The film received strong support from the Colombian Ministry of Culture and Ministry of Information Technologies and Communication, who awarded it with four grants and four sets of prize money after winning awards. This amounted to more than any other national animated project to date, with most of the funding for Lila’s Book coming from public film programs and entities such as FDC-Proimagenes, Ibermedia Program, Parquesoft Pacífico, and Vivelab Project.
Rincon is optimistic about the influence of Lila’s Book on the professionalization of local animation teams. With no animation schools in Cali and few throughout the whole of Colombia, one of the main challenges during Lila’s creation was to train staff in the use of the film’s production software, Toon Boom Harmony.
The studio flew in the only available official Spanish-speaking trainer from Canada, the Mexican Miguel Ángel Martínez, to teach the team for several weeks.
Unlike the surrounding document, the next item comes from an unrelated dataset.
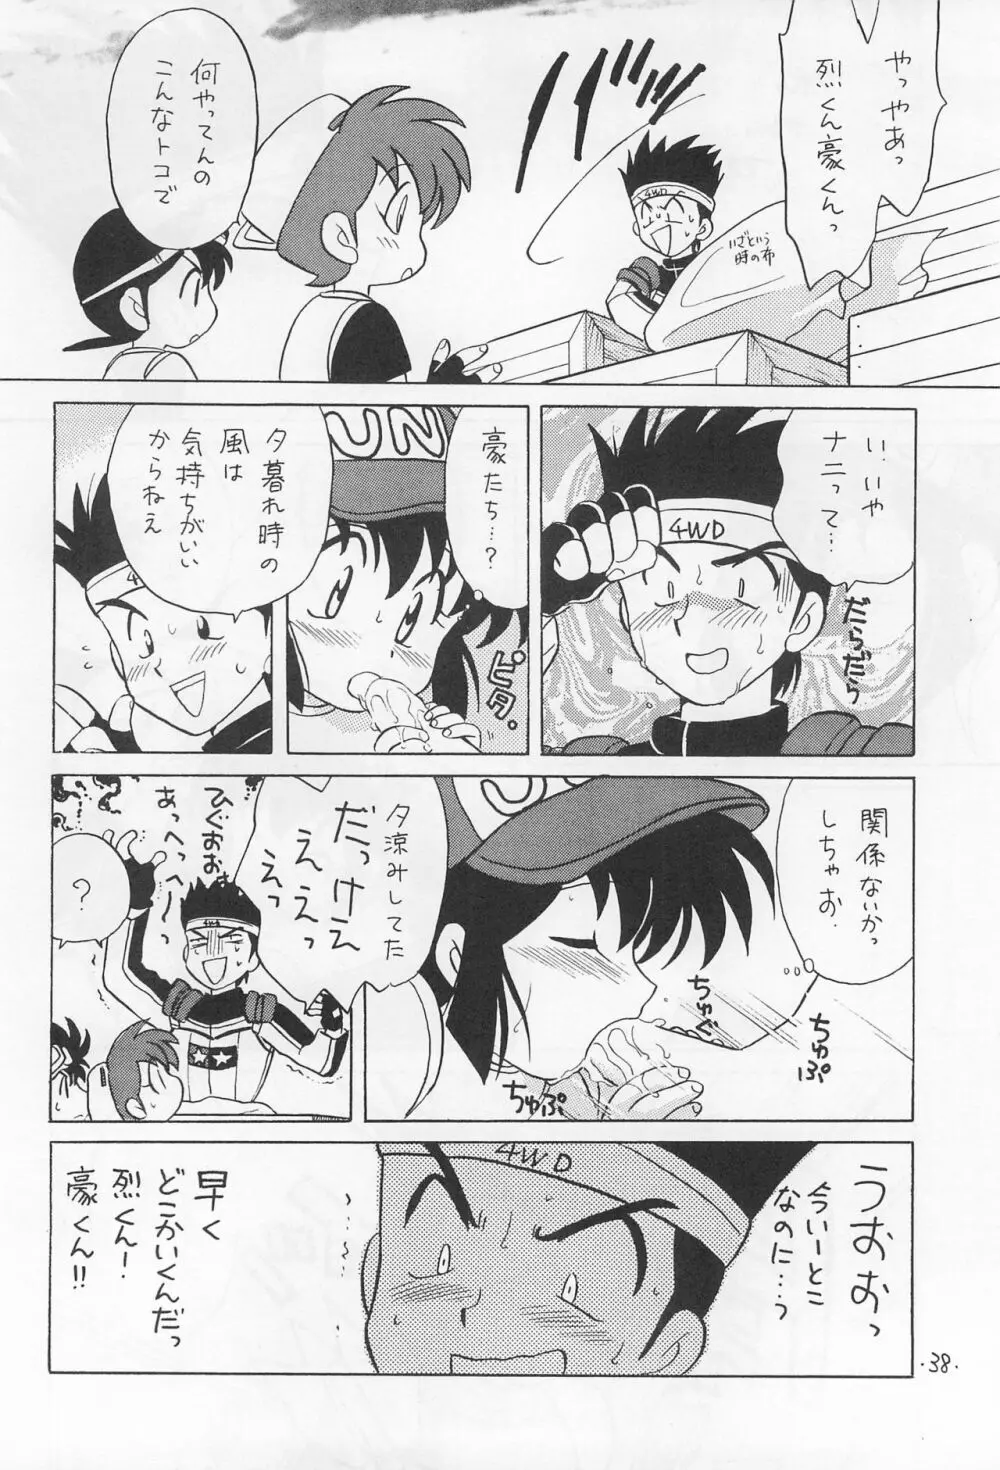 ミニ四ファイタージュンちゃん!! - page40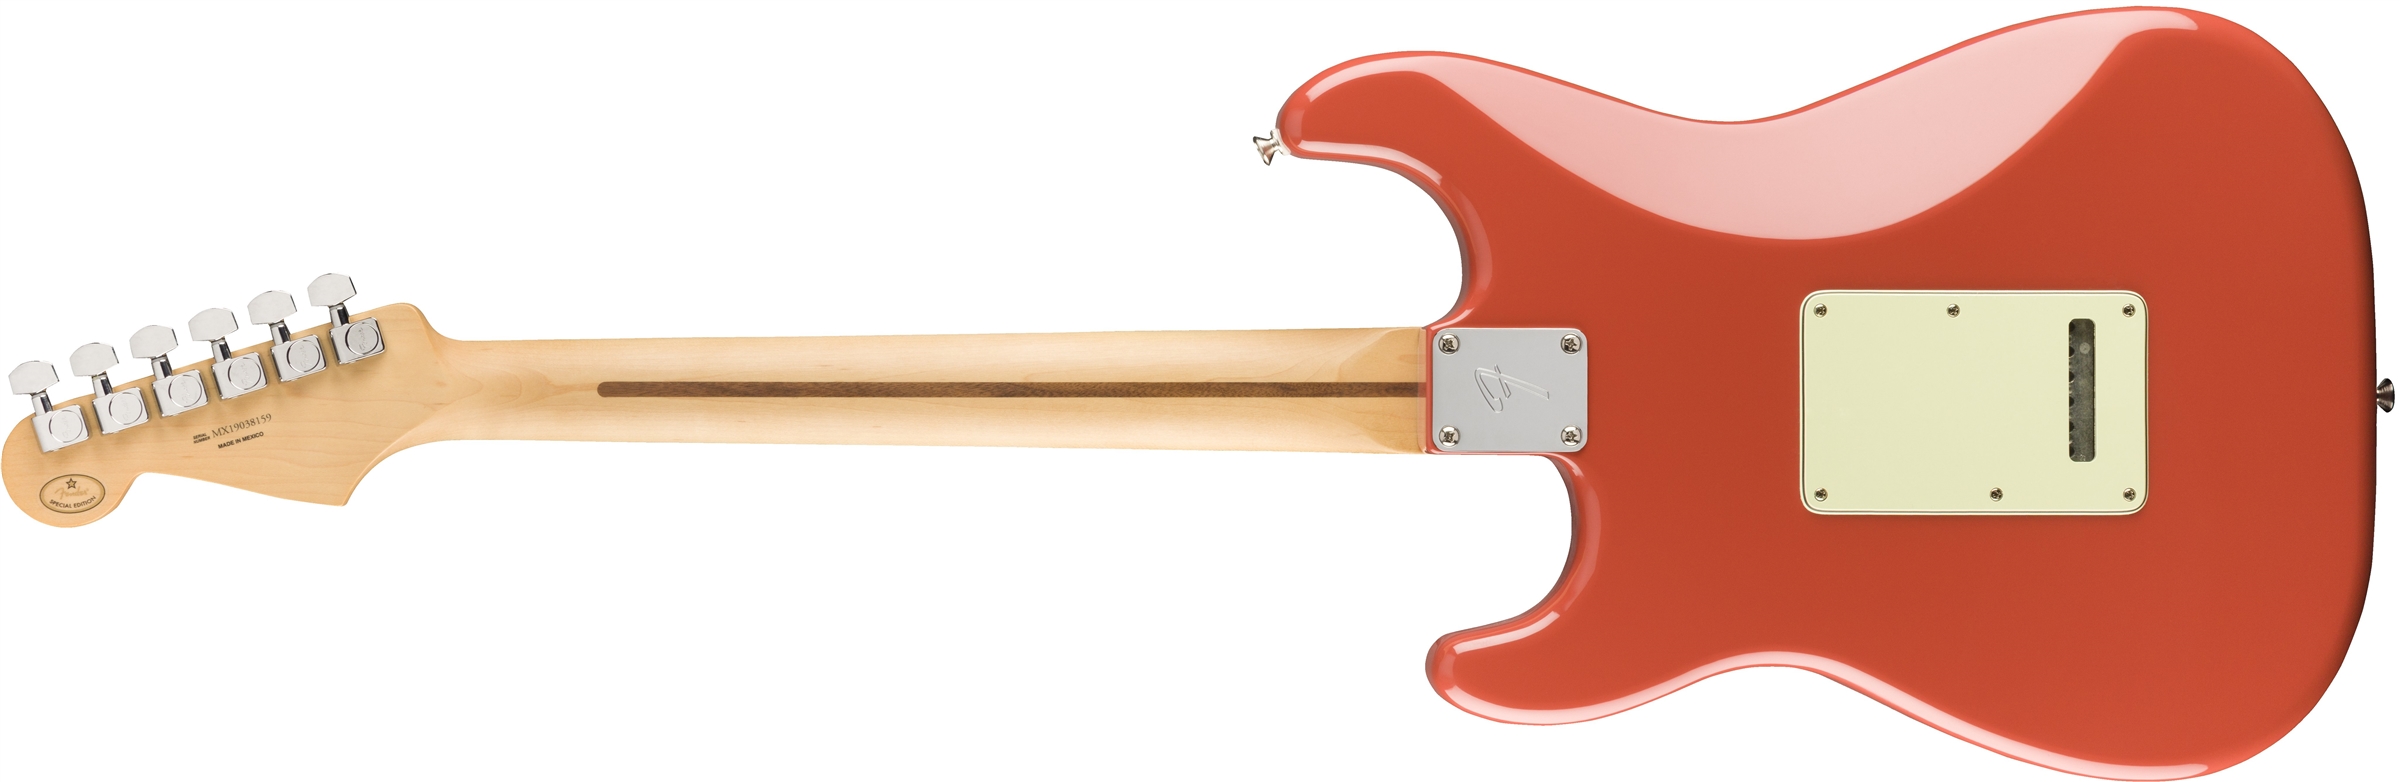 Fender Strat Player Ltd Mex 3s Trem Pf - Fiesta Red - Guitare Électrique Forme Str - Variation 1

This experience also helped create a local community of Harmony-trained professionals, and many team members from Lila’s Book are now involved in other animation projects in the city.
Lila’s Book opens today in Colombia, with distribution in its home country by Cinecolor Films Colombia. The international premiere is set for next month at the 22nd Busan International Film Festival in South Korea, while international sales and distribution are being handled through Stuttgart-based Sola Media.